BNs can be extended to capture temporal relationships between the variables [104, 262, 258, 218]. In a dynamic BN, the joint probability factorizes into local probabilities of each node associated with every time point, where the parents of a node can include nodes from previous time points. Another class of methods based on differential equations (DEs), which models the rate of change in the expression level of a gene as a function of the expression of other genes with different functional forms [32, 206, 12]. In addition to the issue of computational complexity, another drawback of these methods lies in the nature of data required to perform extensive inference. More sample measurements need taken on a slowly changing system or finely spaced in time in order to capture the underlying dynamics. Attempts to capture these causal and dynamic relationships in gene networks for higher organisms using expression data alone have had limited success; auxiliary information from other data sources (e.g. protein-protein interaction, ChIP-seq) can increase our chances in characterizing the complexity in a more realistic and accurate way [224, 240].

Beyond traditional studies: recent advancements and future trends

Most of the methods discussed above focus on analyzing a single gene expression dataset, which suffers from the dimensionality curse (pn problem). To obtain a more complete picture, one step further is to perform integrated analysis on gene expression data generated by different groups [223, 155] to increase n, and even other types of data such as TF binding, protein-protein interaction (PPI), which provide direct physical evidence of regulatory interactions [11, 117, 138].

It is worth noting that recent advances in single-cell sequencing technology are offering a new perspective on studying gene pathway with gene expression information. For instance, single-cell RNA-seq (scRNA-seq) data can measure gene functional activities at individual cell resolution and thus has potential to characterize gene regulatory actions with cell-to-cell variability [28, 140, 57]. However, despite these attractive and promising features, the high noise level in typical single-cell experiments as well as the dynamics of individual cells also present new challenges for developing statistical methods for data preprocessing and network / pathway inference. We will discuss single-cell data in more detail in Section 3.

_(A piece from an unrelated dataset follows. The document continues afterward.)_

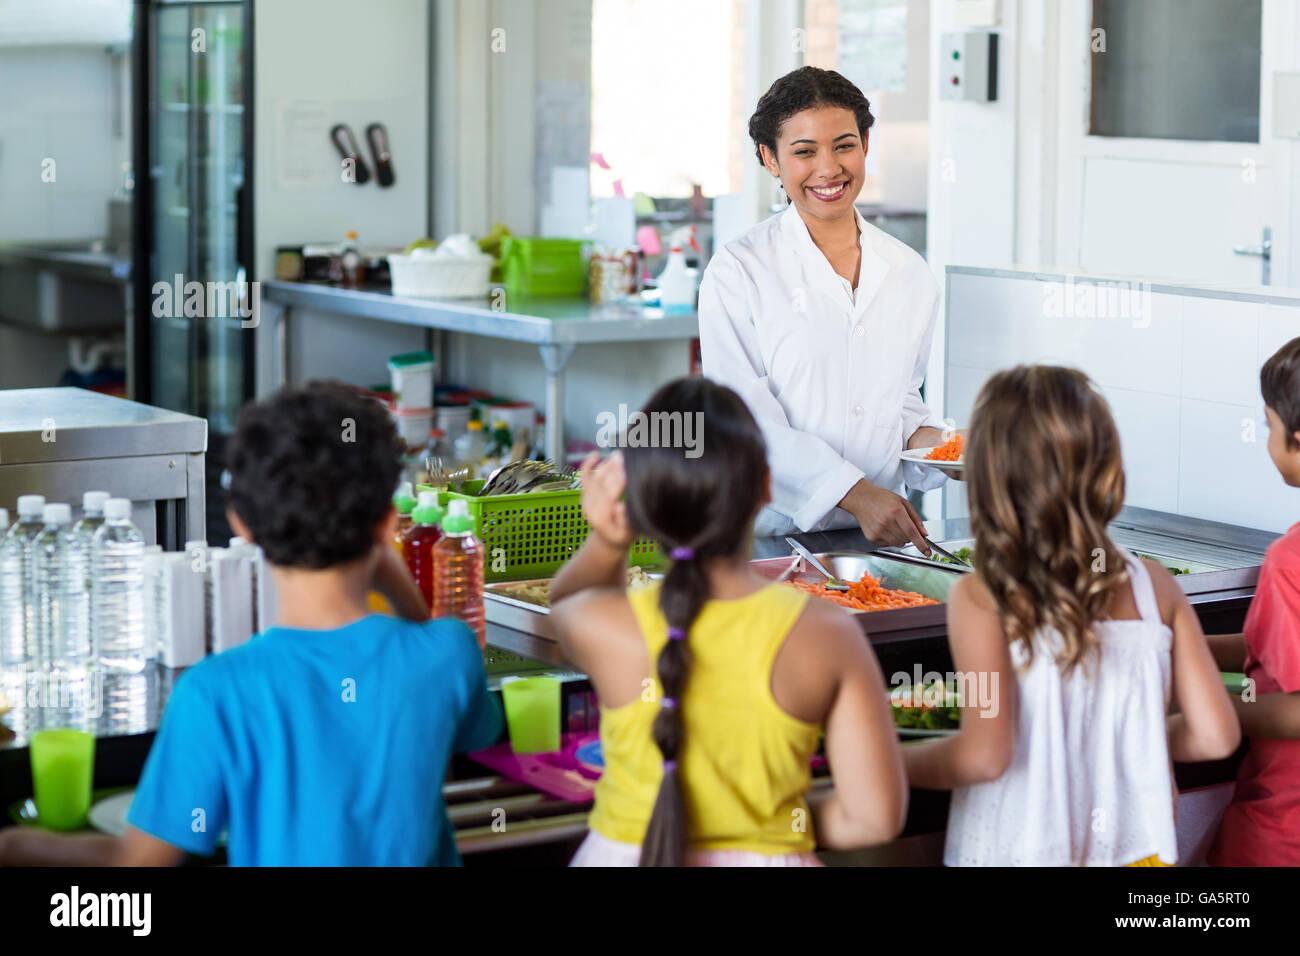 Woman serving food to schoolchildren - Stock Image
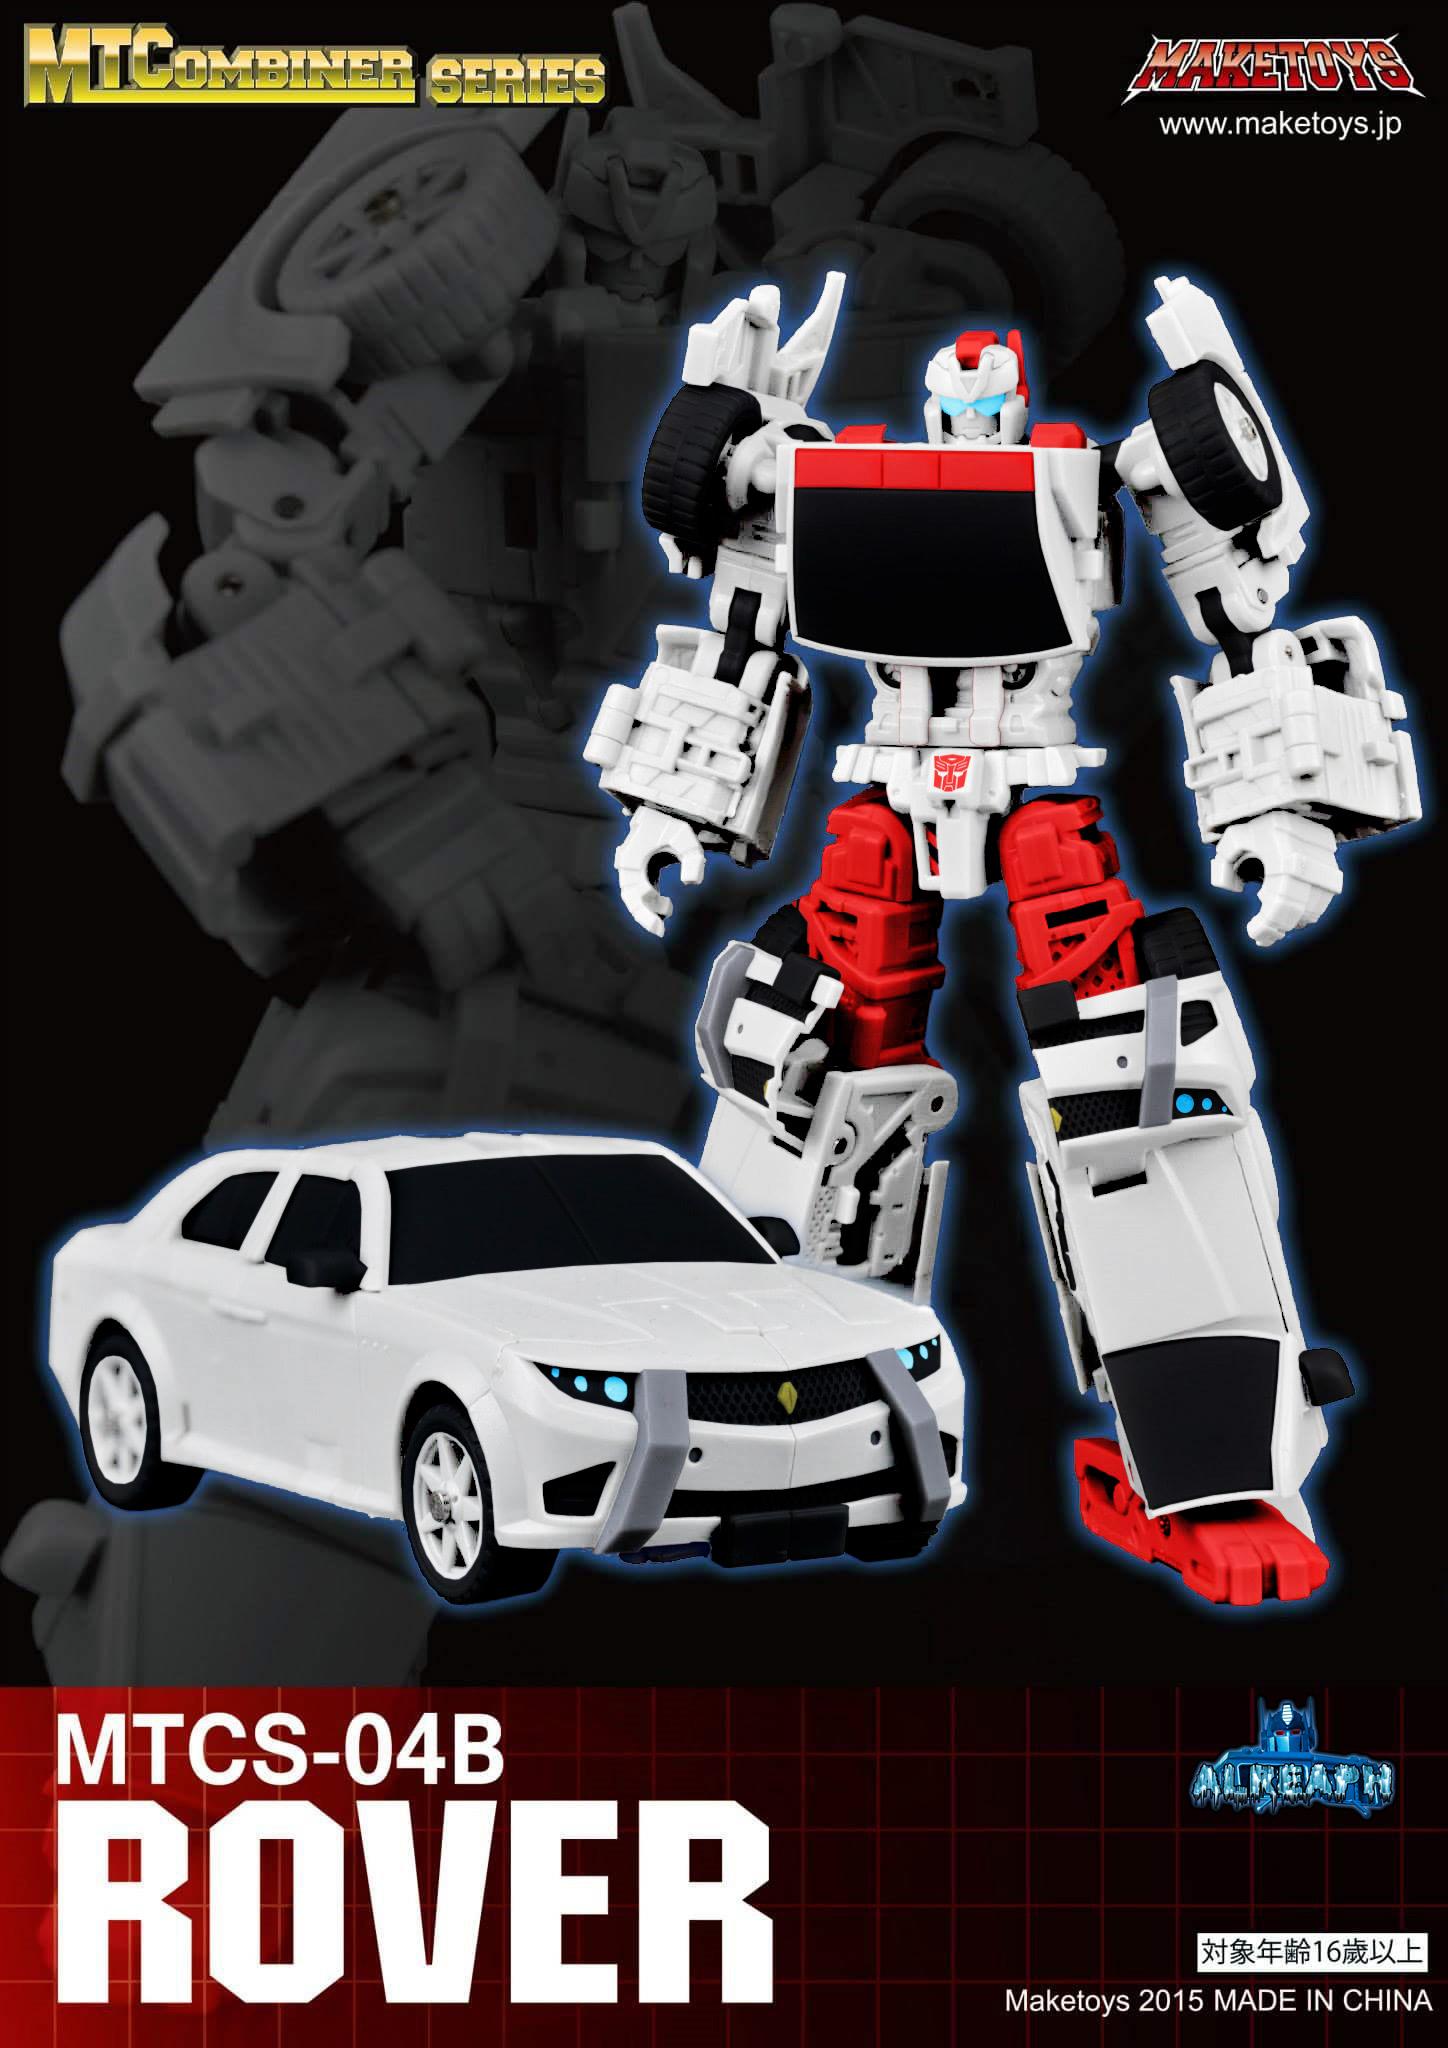 [MakeToys] Produit Tiers - Jouet MTCM-04 Guardia (aka Protectobots - Defensor/Defenso) VTaD3GQ2

In addition to computationally inferred gene-gene interactions, extensive experiments also have provided sets of “true” interactions in some species. For example, genome-wide experimental screening of gene-gene interactions have been carried out in yeast with high-throughput techniques (SGA, [209]; E-MAP, [185]), whereas screening these interactions in higher organisms require more restrictive techniques and have achieved much less coverage [116, 47, 124]. These experimentally validated interactions can be found in databases such as RegulonDB and KEGG [181, 153]. Comparing results from various computational methods against these validated interactions allows us to assess the performance of each method. Some of these comparisons also suggest different computational methods can lead to quite disparate sets of predicted interactions [42, 137]. As a result, the use of ensemble methods [86, 136] has been proposed to achieve more stable and accurate outcomes via bootstrapping and aggregation. Overall, constructing a complete catalog of gene interactions remains challenging due to the extensive scale of the problem. On the other hand, more specific biological goals and prior knowledge can help us narrow down possible approaches and lead to plausible simplifications.

2.2. Understanding Network Structures

Having reconstructed gene networks, it is now possible to systematically study the topological features of these graphs using graph-theoretical tools to understand and predict the underlying biological functions. While many local and global features can be extracted from the graphs, in this section we will focus on discussing node-level connectivity measures and how they reflect the functional importance of the nodes, and higher-level connectivity patterns including motifs and communities. Other extensive reviews on using graph-based methods for analyzing biological networks can be found in e.g. [6, 84, 158]. In this section, we will consider computationally reconstructed gene networks, which contain noise arising from estimation errors, and also known networks in genomics where edges are directly measured with biological assays, such as PPI networks.

Node-level connectivity

In gene and PPI networks, how a node is connected to the rest of the network can be an important indication of its biological role. Removing nodes with high connectivity or nodes between highly connected components can significantly affect the overall topology. In biological systems, this may correspond to malfunctioning of key genes or proteins which can cause serious perturbations. Different measures of node connectivity, or centrality, exist. In the simplest form, nodes with high degrees, which are also known as hubs, have been long studied in gene and PPI networks for model organisms, especially yeast [89, 261]. They have shown that hub genes and proteins encoded by them are essential to survival, and these genes tend to be older and evolve more slowly [61]. In human, hubs have been associated with cancer and other types of disease [13] - the protein products of disease-related genes tend to have high degrees [220, 93, 242]. Identifying hubs requires measuring node centrality, the simplest kind of which is node degrees. Reweighing each neighbor with their own degrees gives rise to another measure called eigenvector centrality. Similar to the PageRank algorithm, eigenvector centrality gives more weight to nodes connected to important neighbors and been used to distinguish essential proteins in yeast PPI networks [54] and mine gene-disease associations [156].

Another measure of connectivity, termed betweeness centrality, considers the number of times a node lies on the shortest path between two other nodes. Since nodes with high betweeness centrality act as bridges connecting subgraphs, they are also called bottlenecks. It has been observed that many bottleneck nodes correspond to essential connector proteins and genes in directed regulatory networks [94, 246]. Further centrality measures and comparison of their performance in identifying essential or disease-causing genes / proteins can be found in [157, 29].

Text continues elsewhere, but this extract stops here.